Amount of chloropheniramine (mg)
Machine A / Machine B / Machine C / Machine D4.13 / 4.00 / 3.98 / 4.00
4.10 / 4.02 / 3.86 / 4.02
4.04 / 4.01 / 3.82 / 4.03
4.07 / 4.01 / 3.93 / 4.04
4.05 / 4.04 / 4.00 / 4.02
4.04 / 3.99 / 3.82 / 3.81
3.99 / 4.03 / 3.98 / 3.91
4.06 / 3.97 / 3.99 / 3.96
4.10 / 3.90 / 4.00 / 4.05
4.04 / 3.98 / 3.93 / 4.02
One-way Analysis of Variance
Analysis of Variance
Source DF SS MS F P
Factor 3 0.08657 0.02886 8.24 0.000
Error 36 0.12614 0.00350
Total 39 0.21271
Individual 95% CIs For Mean
Based on Pooled StDev
Level N Mean StDev --+------+------+------+----
1 10 4.0620 0.0399 (-----*-----)
2 10 3.9950 0.0398 (-----*-----)
3 10 3.9310 0.0726 (-----*-----)
4 10 3.9860 0.0746 (-----*------)
--+------+------+------+----
Pooled StDev = 0.0592 3.900 3.960 4.020 4.080
a)Explain why this is a ‘one-way’ analysis of variance.

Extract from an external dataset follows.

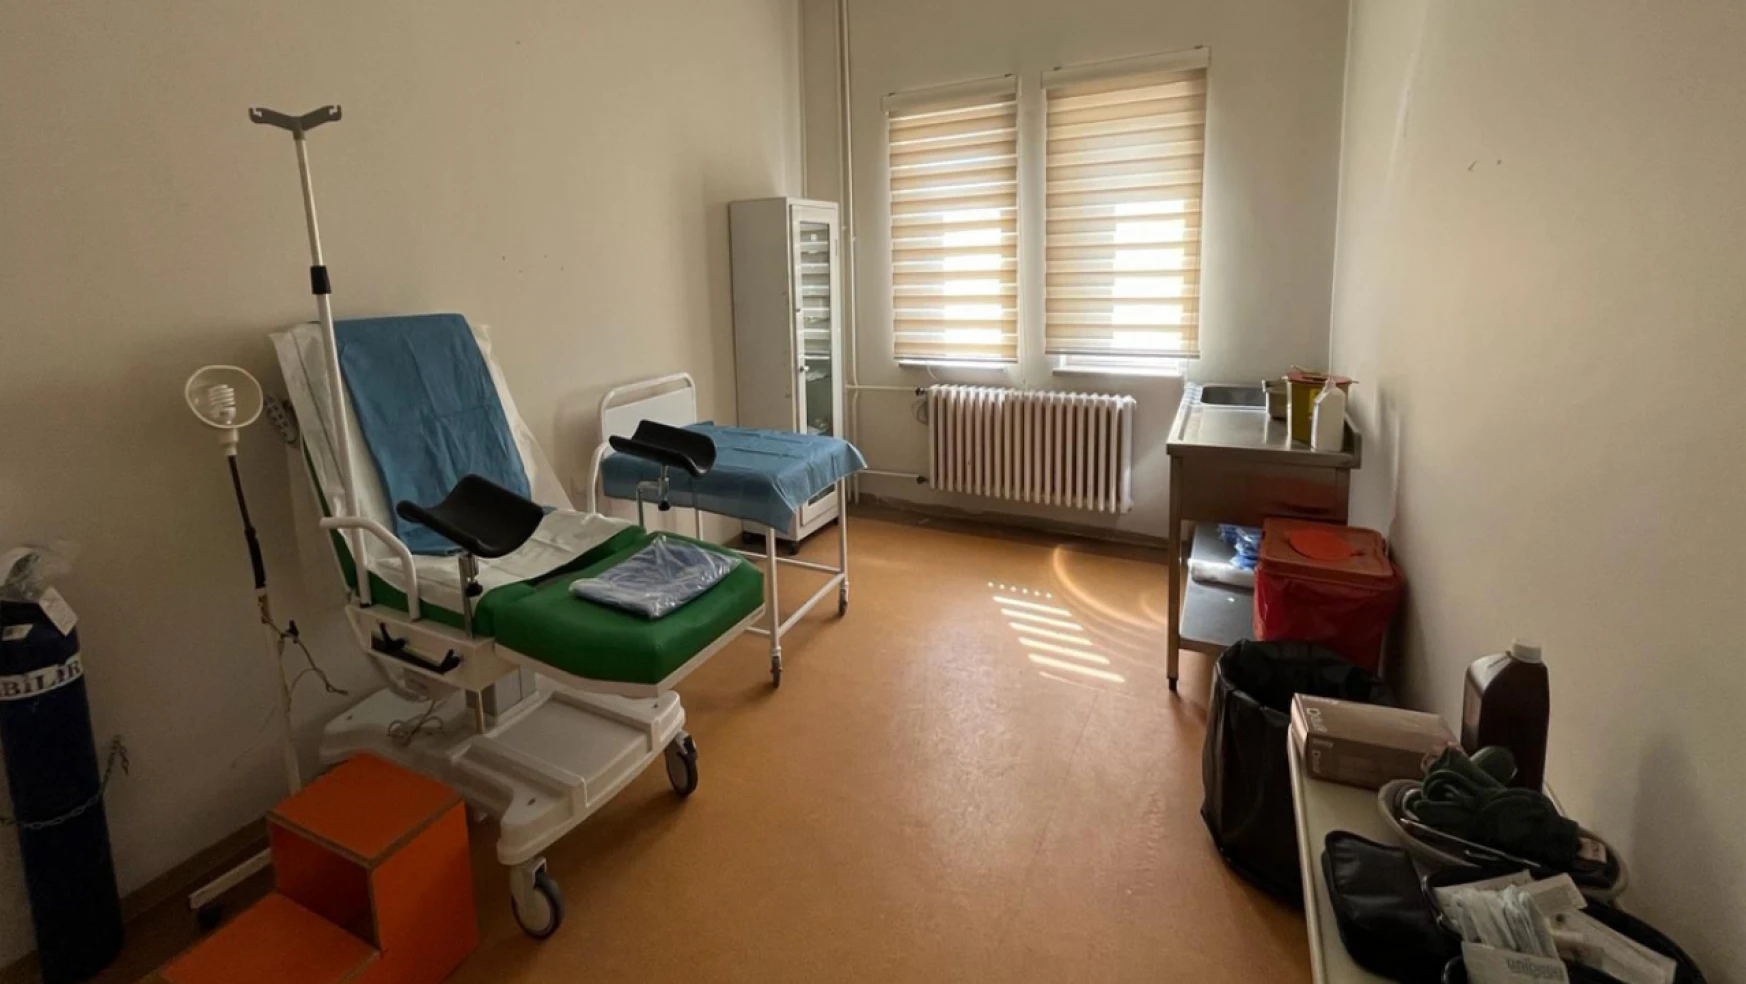 Şenpazar Devlet Hastanesi'nin Eksiklikleri Gideriliyor

b)Explain why the analysis suggests that there are differences between the machines.
c)Why is the p-value reported as 0.000?
d)What is the test statistic and how is it calculated?
2) two-wayAnova
TV watching is a sedentary pastime which may affect health, so a student carried out a surveyof our TV-watching habits for his final year project. His data on the duration of TV watching per week (h) in relation to age group and gender is presented in the table below.
Duration of TV watching per week (h) by age group and gender; F: female, M: male; age group intervals are given in years
Rows: Gender Columns: Age Group
20-25 26-55 56+
F 25 32 44
21 26 45
27 33 50
26 33 43
31 28 51
M 20 23 33
27 21 34
20 24 38
22 28 33
28 26 37
a)What are the two factors involved? How many levels does each factor have? What is the number of treatment combinations? How many replicates did the student use for each treatment combination? What is the total number of observations he collected?

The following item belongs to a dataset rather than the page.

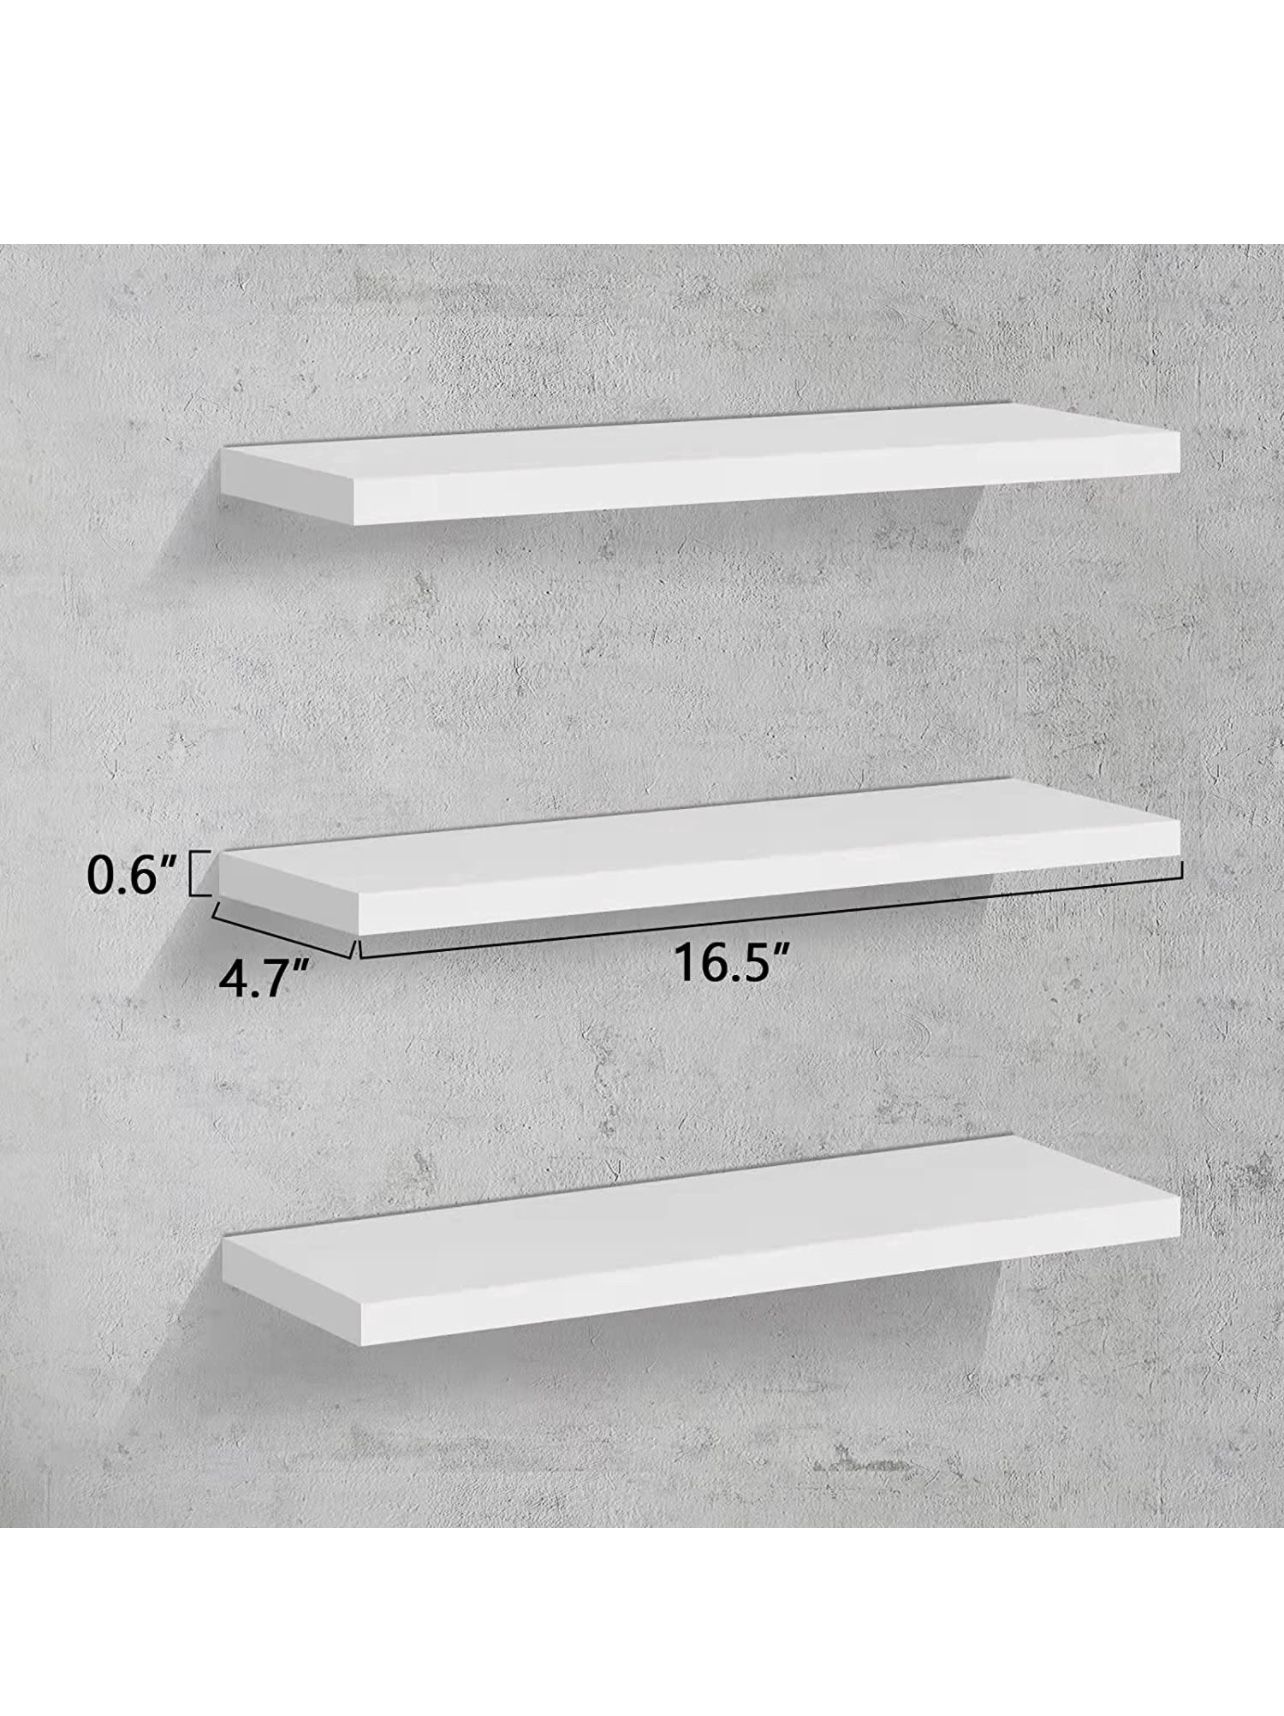 New White floating Wall Shelves

The data were analysed using analysis of variance. The computer output of this analysis is in the table immediately below. One p-value has been replaced by an asterisk.

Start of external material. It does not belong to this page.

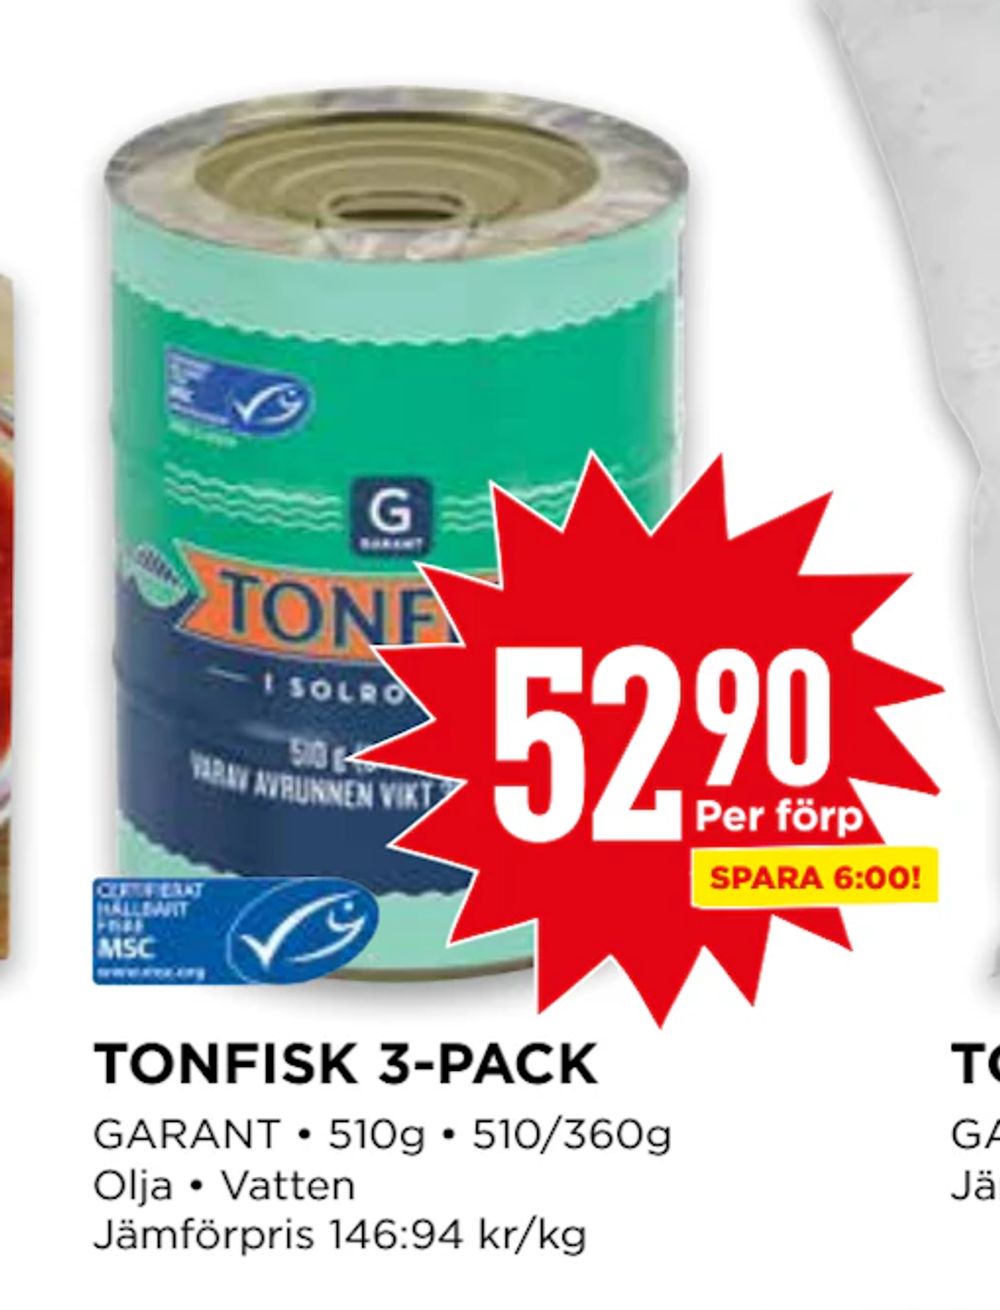 Erbjudanden på TONFISK 3-PACK från Willys för 52,90 kr

Analysis of variance (ANOVA) for TV watching per week (h)
Source DF SS MS F P
Age Group 2 1486.87 743.43 69.48 0.000
Gender 1 340.03 340.03 31.78 0.000
Age Group*Gender 2 103.27 51.63 4.83 *
Error 24 256.80 10.70
Total 29 2186.97
Treatment Means for duration of TV watching per week (h)
Rows: Gender Columns: Age Group
20-25 26-55 56+ All
F 26.00 30.40 46.60 34.33
M 23.40 24.40 35.00 27.60
All 24.70 27.40 40.80 30.97
b)Using the output in the ANOVA table above, draw conclusions from hypothesis tests for any effect of Age Group, Gender, and the interaction between the two on the duration of TV watching per week (h). Use the p-value if it is available and critical values for F otherwise (one P-value has been replaced with an *).
3) - post hoc testing
Four cages of rats were kept on a particular diet. After two weeks, their weights were recorded (see table below). To test if there were there differences in weights (in grams) between cages, a one-way ANOVA was carried out. The p-value was 0.0005
a)What is the Null Hypothesis for the experiment?
b)Why is post-hoc testing necessary within ANOVA?
c)Under what circumstances is it not carried out?
d)In terms of post hoc testing which is more appropriate for the above data, Tukey or Dunnett, and why?
4) - correlation
Explain how the interpretation of correlation analysis can be affected by reverse causation and third factors. Illustrate your explanation with examples.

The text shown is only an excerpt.